Further testing the Planet Nine theory, we looked in detail at the orbits of all known “extreme” KBOs and found that all but the two highest pericentre KBOs can be explained by known physical effects. These two KBOs are outliers, but our previous detailed computer simulations of the Kuiper Belt, which included gravitational effects from Planet Nine, produced a set of “extreme” KBOs with pericentres smoothly ranging from 40 to over 100 AU.

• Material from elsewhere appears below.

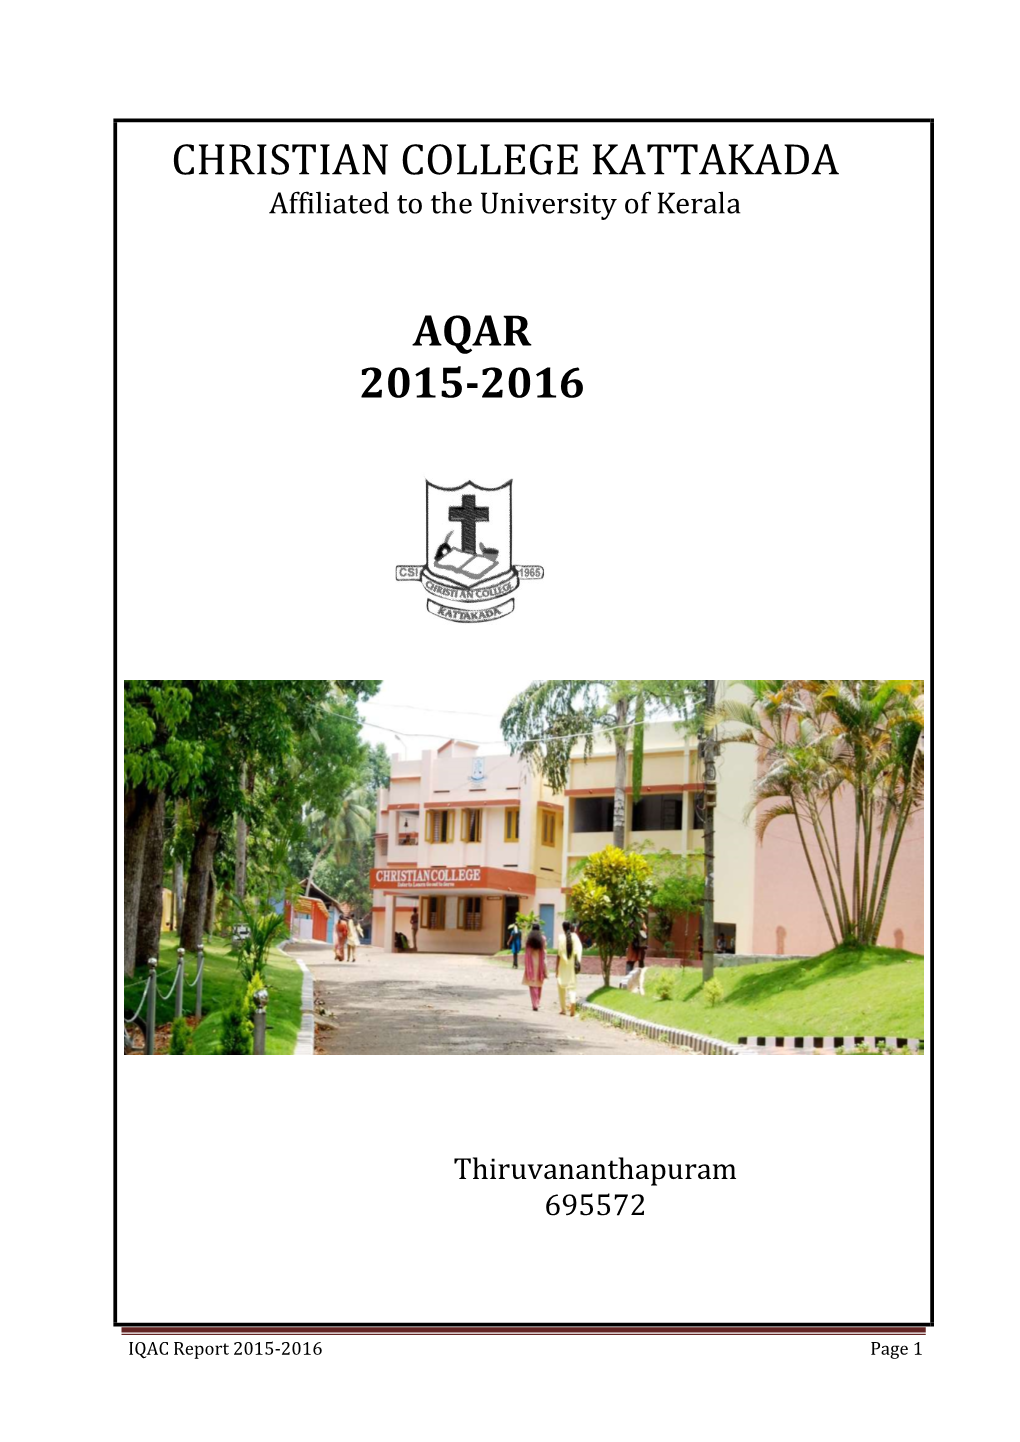 Christian College Kattakada Aqar 2015-2016

These simulations predict that there should be many KBOs with pericentres as large as the two outliers, but also many KBOs with smaller pericentres, which should be much easier to detect. Why don’t the orbit discoveries match the predictions? The answer may be that the Planet Nine theory does not hold up to detailed observations.
Our observations with a careful survey have discovered KBOs that are not confined by Planet Nine, and our simulations show that the Kuiper Belt should contain different orbits than we observe if Planet Nine exists. Other theories must be invoked to explain the high-pericentre extreme KBOs, but there is no lack of proposed theories in the scientific literature.
Many beautiful and surprising objects remain to be discovered in the mysterious outer solar system, but I don’t believe that Planet Nine is one of them.